There has been a rash of articles recently saying that because the oil price has fallen, this is bullish for airlines.

There are two ways of looking at this.

A) you could expect to see oil falling as good for airlines, having an immediate effect each time the oil price moves
B) you could expect a longer lag, that once the oil price has fallen by a sizeable amount, that leads to positive performance

I am used to thinking the first way because I take a technical approach, whereas a fundamental analyst might see things the second way.

Let’s examine the evidence, showing the historical relationship between the S&P 500 Airlines Index and the oil price

S&P 500 Airlines Index and oil


The chart is split into periods, picking out a turn in either the sector index or oil.

  • Whilst the end of this sector rally has coincided with a falling oil price, much of the rally since late 2012 (blue arrow) occurred with a rising oil price
  • During the period of early 2007 to mid 2008, the oil price rose but the airline index first fell but then rallied
  • The sector fell along with a falling oil price in 2001 due to the terrorism threat but also the effect that had on broader stock market sentiment
  • The sector fell with oil in 2008 during the market crash. Again the market environment was much more important than the price of oil


There has not been a consistent correlation between the oil price and the S&P 500 Airlines Index over the last 15 years. This is the case whether you expect the stocks to react immediately (technical method) or with a delay (fundamental method).

What about if the effect of the broad market is stripped out?

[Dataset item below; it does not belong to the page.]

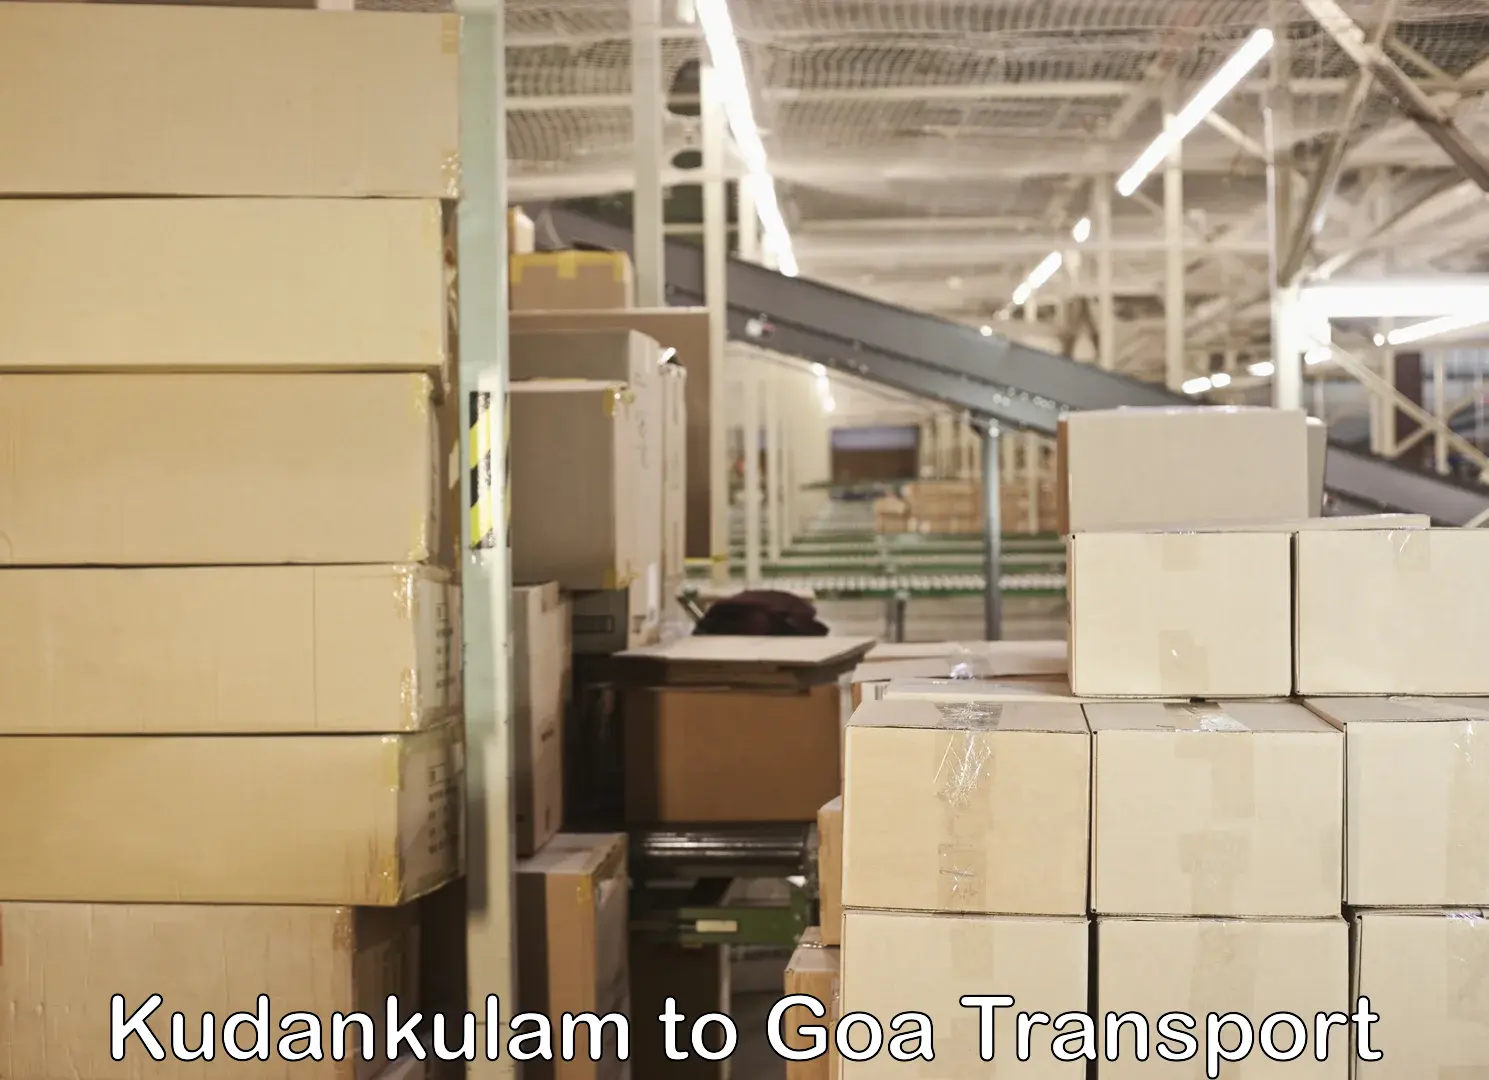 Truck transport companies in India Kudankulam to Vasco da Gama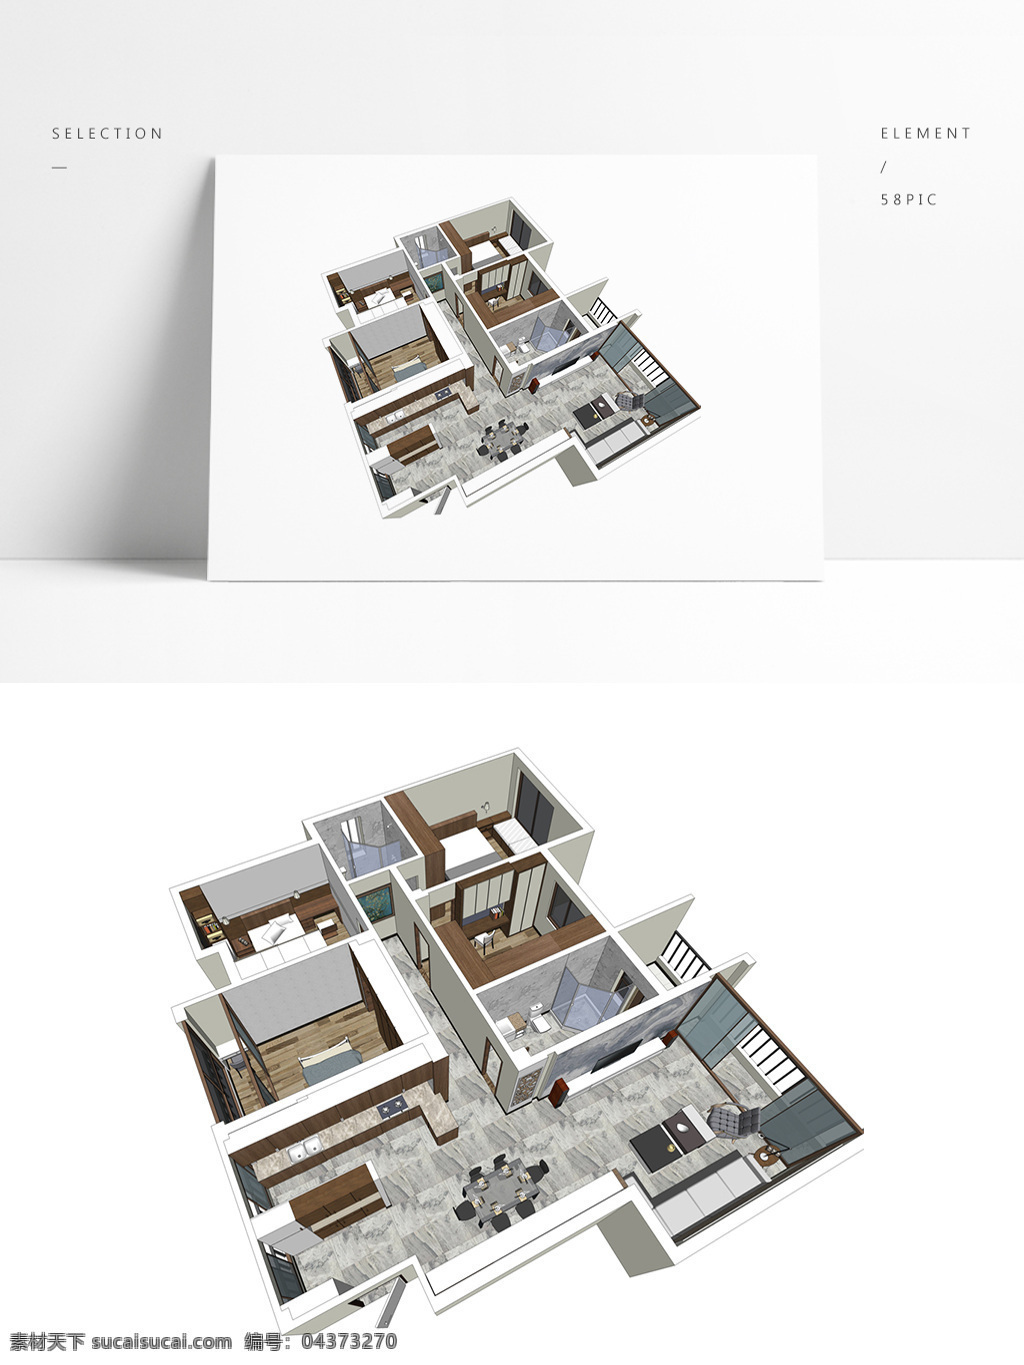 三居室 户型 草图 大师 全景 模型 室内空间设计 住宅室内设计 样板房 透视 3d模型 su模型 草图大师模型 家具模型 全景模型

Next I show the relative strength of the sector against the S&P 500 Index.

S&P 500 Airlines Index versus S&P 500 Index and oil


  • At the start of 2002, airlines had the fundamental benefit of cheap oil but they underperformed right up to the end of 2007
  • At the start of 2008, airlines started to outperform, even though oil continued to go higher
  • Within the longer period of underperformance, there are periods of inconsistency: from mid 2005 to early 2007, oil rallied then fell and the relative strength of airline stocks rallied then fell
  • Airline stocks have outperformed since late 2012 but only since summer 2014 has this been in a period when the oil price was falling


Whilst at times a low oil price leads to a period of positive performance, the long period from early 2002 (when the oil price made a low) to 2008 does not support this argument.

Other factors such as what is happening with other sectors, broad market sentiment and market shocks are more important.